Maybe an outing would be fun. OK, so I’ve never been to a hunt ball before and I have no idea what’s involved, but how bad could it be? As long as they don’t actually expect me to go hunting, it’ll be bearable, surely.
‘Wonderful! So you’re on?’ Peg squeaks.
‘OK, then,’ I agree. ‘Why not?’
‘Great!’ She and Ted high-five each other.
‘Now, before I forget, I made this for you – I was going to drop it up to the cottage, but now that you’re here I don’t have to!’ Peg hands me a casserole dish, its top covered with tinfoil.
‘What is it?’
‘Oh, just a little dinner. I thought you might like it if you were feeling shaky – you know, after … Mabel.’
‘You made me dinner?’
‘It’s nothing really,’ she says. ‘Now, it needs to be reheated in a hot oven for about twenty minutes. Add a little salt and pepper, if you like.’
‘Thanks, Peg, that’s really kind of you.’ I smile gratefully at her.
‘No problem.’ She grins. ‘Sure isn’t that what friends are for?’
I’m taken aback by what she’s said. I can tell from her expression that she genuinely counts me as a friend, even though we’ve known each other for such a short time. That’s why she’s cooked this for me.

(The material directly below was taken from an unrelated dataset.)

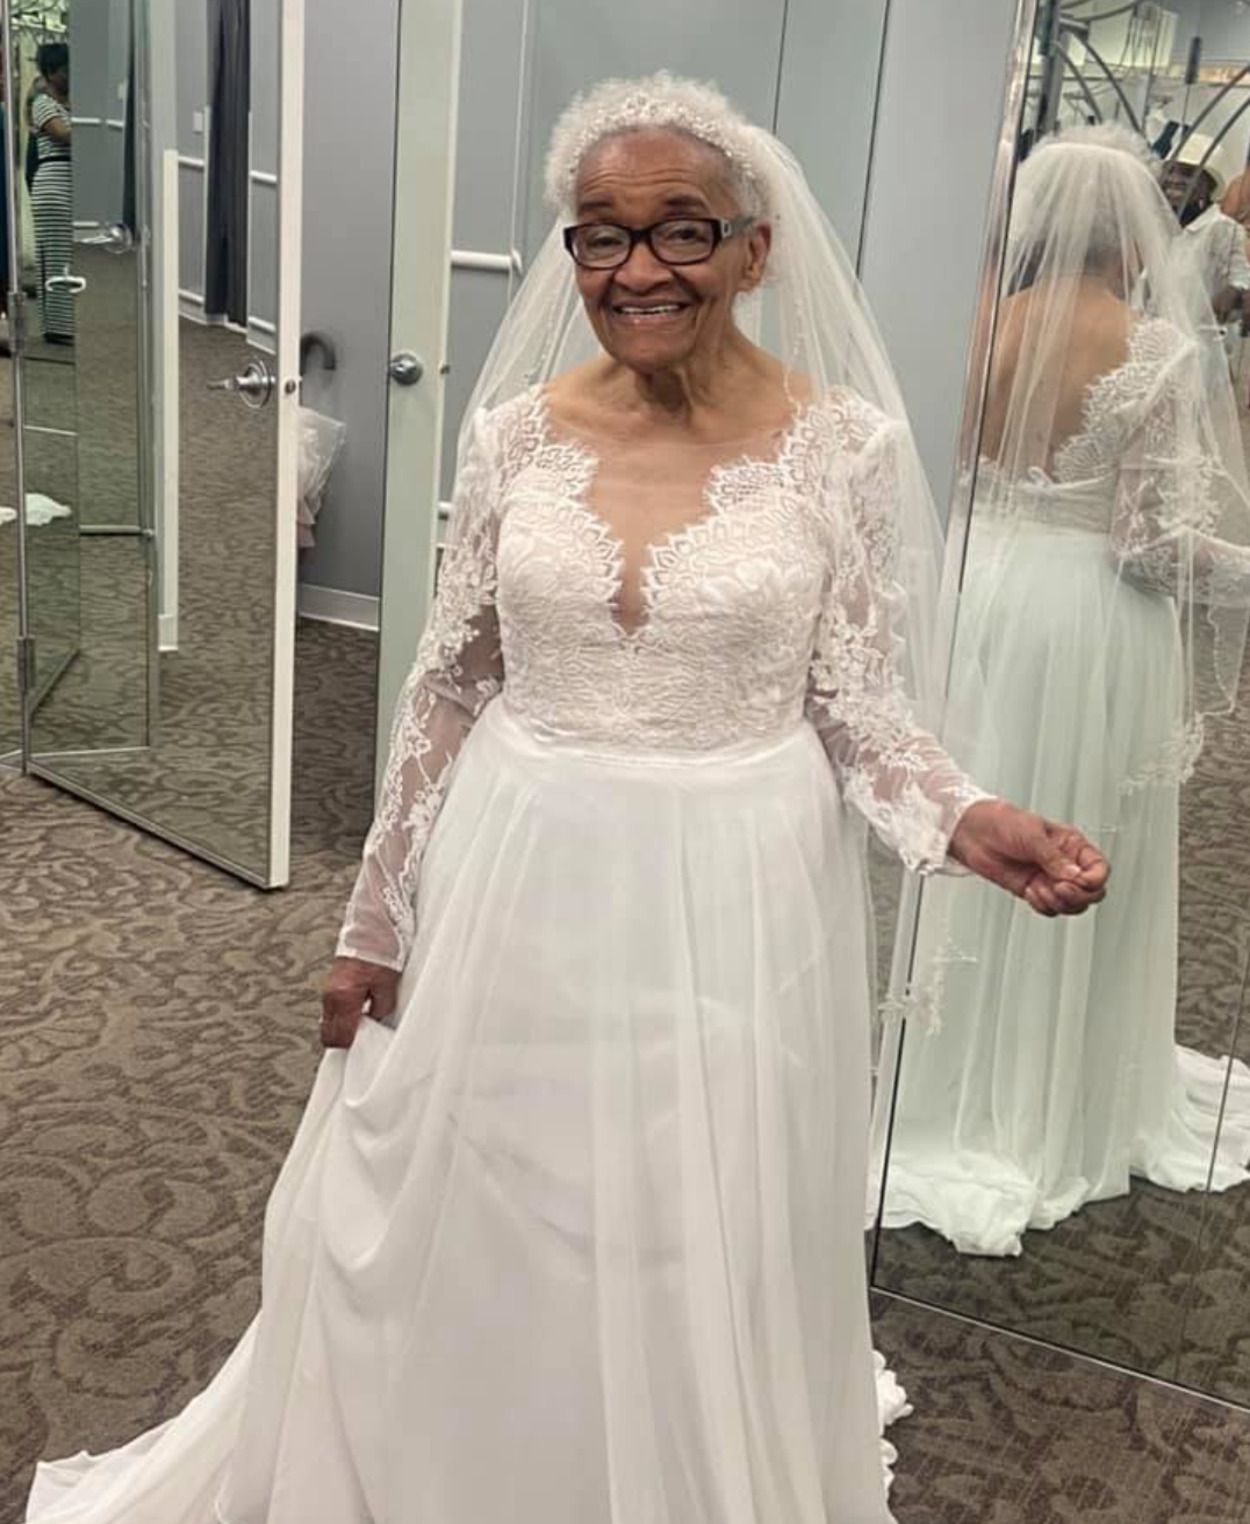 Cumple su sueño de vestirse de novia a los 94 años: "Siempre quise una boda así, pero nunca pude"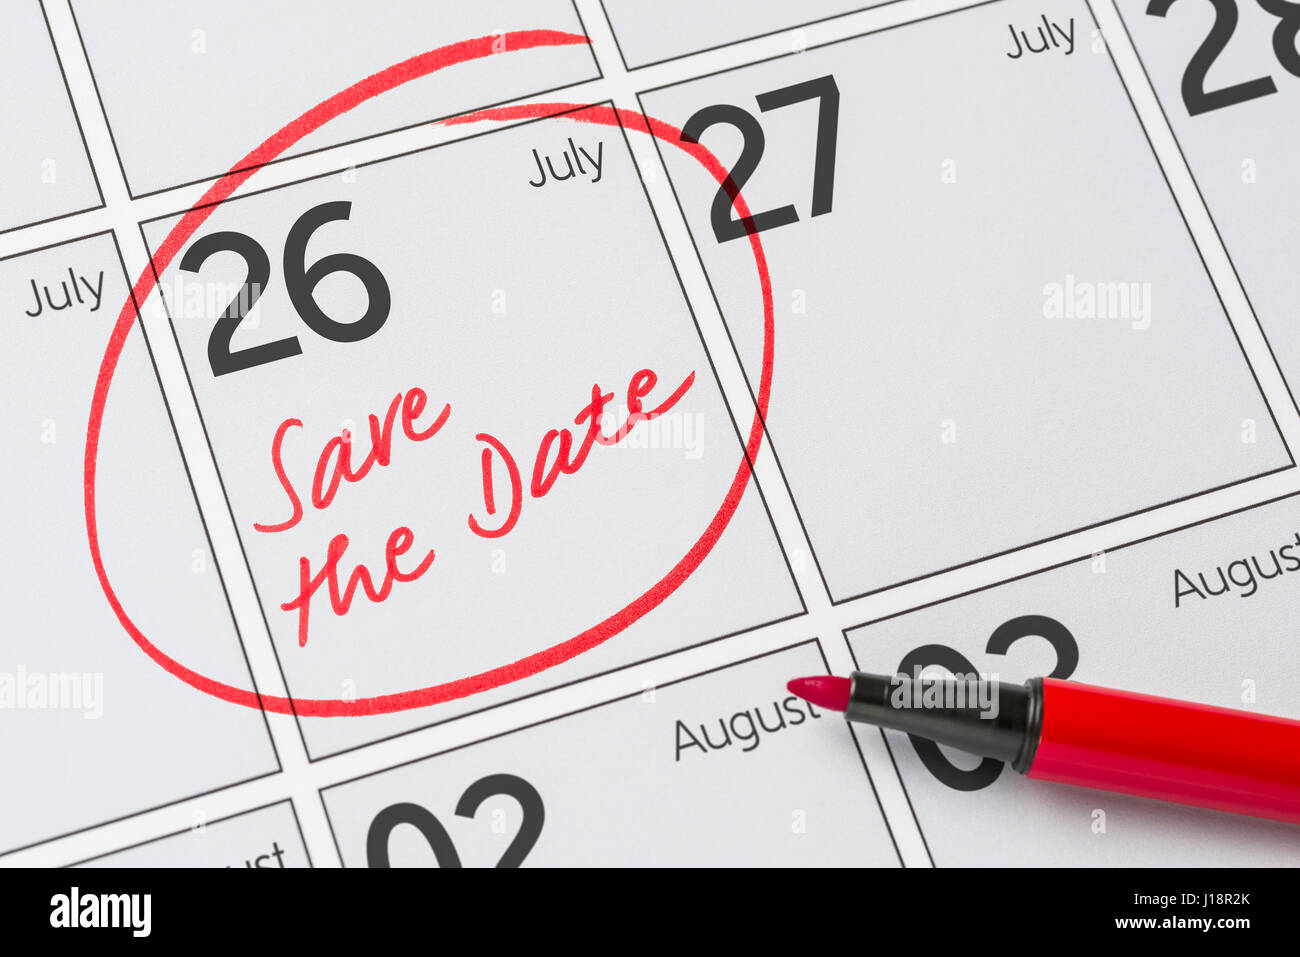 Enregistrer la date inscrite sur un calendrier - Juillet 26 Banque D'Images

It would never occur to me to cook for anyone, not even my closest friends in the city, yet it’s such a simple and lovely thing to do.
‘Well, thanks again,’ I say. ‘It was really thoughtful of you.’
‘Don’t mention it,’ she beams. ‘It’s nothing special.’
‘It’s her shepherd’s pie.’ Ted winks at me. ‘Delicious, it is!’
‘Now, Ted, don’t be boasting.’ Peg swats at him with her hands.
‘That recipe won an award at the farmer’s market last year,’ Ted adds. ‘Beat Betty’s it did.’
‘Well, she came second,’ Peg says graciously. ‘That wasn’t so bad.’
‘Shepherd’s pie’s my absolute favourite!’ I sniff the dish appreciatively, suddenly transported back to my childhood. I haven’t had it for years – I used to love it with ketchup and mushy peas on the side.